Я криво улыбнулся; на это было трудно ответить.

— Ну, по крайней мере, когда бываю не таким, я обычно об этом жалею.

Он ухмыльнулся и подумал одну-две минуты. Потом улыбнулся — слегка просительно, словно собираясь сказать не слишком удачную шутку.

— Знаете ли, — небрежно произнес он, — к нам иногда приходят люди, которым как будто нужно почти то же, что и вам. Так что мы, просто ради забавы…

У меня дух захватило. Именно так, мне сказали, он и должен говорить, если решит, что я мог бы подойти.

— …сочинили один проспект. Мы даже напечатали его. Просто для развлечения, понимаете ли. И для случайных клиентов, вроде вас. Так что я попрошу вас просмотреть его, если это вас интересует. Мы не хотим, чтобы это стало широко известно.

Я едва мог прошептать: «Меня интересует».

Он порылся внизу, достал узкую, длинную книжечку, такой же формы и размеров, как и все прочие, и подтолкнул ее по стеклу ко мне.

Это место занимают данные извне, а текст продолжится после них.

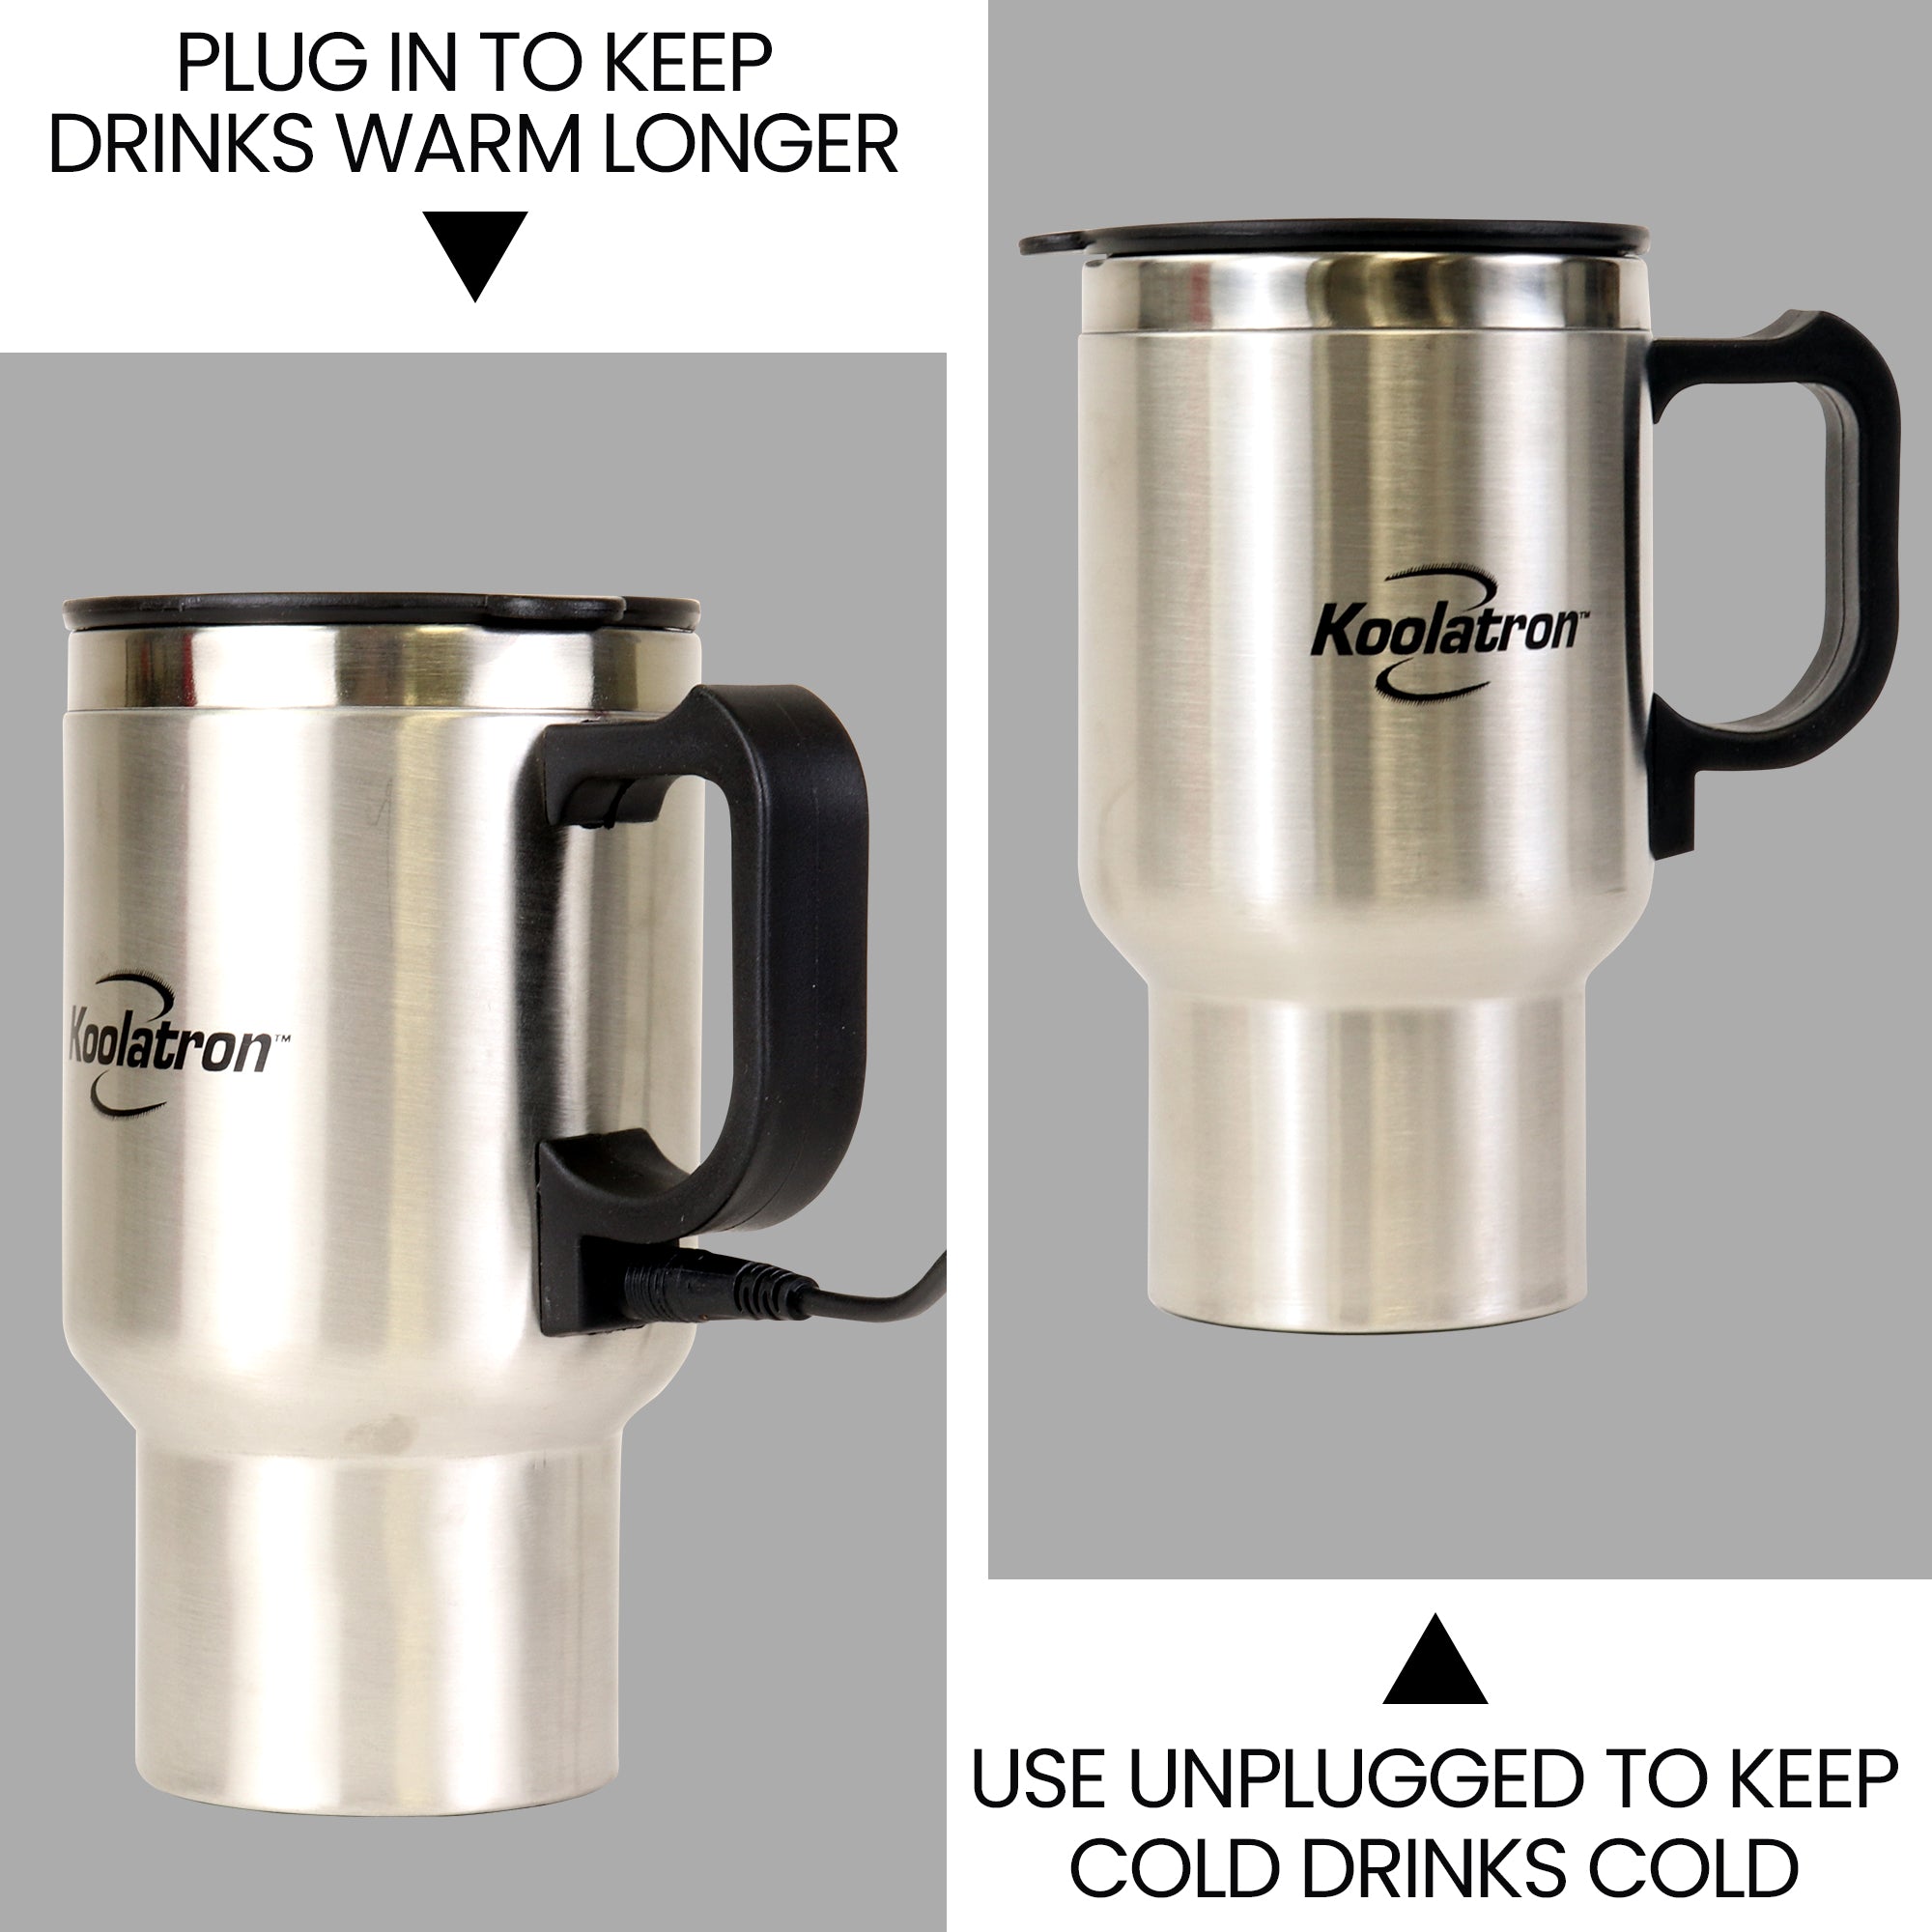 On the left is a product shot of the stainless steel insulated travel mug with heater with power cord plugged in on a gray background and text above reading, "Plug in to keep drinks warm longer." On the right is a product shot of the insulated travel mug without power cord on a gray background and text below reading, "Use unplugged to keep cold drinks cold"

Я взглянул, подвинул ее к себе кончиком пальца, почти боясь прикоснуться к ней. Обложка была темно-синяя, цвета ночного неба, а у верхнего края была белая надпись:

«Посетите прелестную Верну!»

Синяя обложка была усыпана белыми точками, звездами, а в левом нижнем углу был изображен шар, планета, наполовину окутанная облаками. Вверху справа, как раз под словом «Верна» виднелась звезда, крупнее и ярче других; от нее исходили лучи, как от звездочек на новогодней открытке. Внизу обложки била надпись:

«Романтичная Верна, где жизнь такова, какой она должна бы быть.»

Стрелка рядом показывала, что нужно перевернуть страницу.

Я перевернул. Проспект был такой же, как большинство таких проспектов; там были картинки и текст, только там говорилось не о Париже, Риме или Багамских островах, а о Верне. Напечатан он был просто замечательно; картинки были как живые. Вы видели когда-нибудь цветные стереофотографии? Ну, так это было похоже на них, только лучше, гораздо лучше. На одной картинке была видна роса, сверкающая на траве, и она казалась влажной. На другой — ствол дерева словно выступал из страницы, и даже странно было чувствовать под пальцем гладкую бумагу, а не шершавость коры. Крохотные лица людей на третьей картинке только что не говорили; губы у них были живые и влажные, глаза блестели, кожа была, как настоящая; и, глядя на них, казалось невероятным, что они не шевелятся и не разговаривают.

Я рассматривал большую картинку, занимавшую верхнюю часть разворота. Это был словно снимок с вершины холма; видно было, как от самых ваших ног склон уходит далеко вниз, в долину, а потом снова поднимается по другую ее сторону. Склоны обоих холмов были покрыты лесом, и цвет их был великолепен: целые мили величавых зеленых деревьев, и видно было, что это лес — девственный, почти нетронутый. Далеко внизу, на дне долины, извивалась речка, она почти вся голубела, отражая небо; там и сям, где течение преграждали массивные валуны, вскипала белая пена; и снова казалось, что стоит только присмотреться получше — и увидишь, как вода бежит и блестит на солнце. На полянах возле речки виднелись домики, то бревенчатые, то кирпичные или глинобитные. Подпись под картинкой гласила кратко «Колония».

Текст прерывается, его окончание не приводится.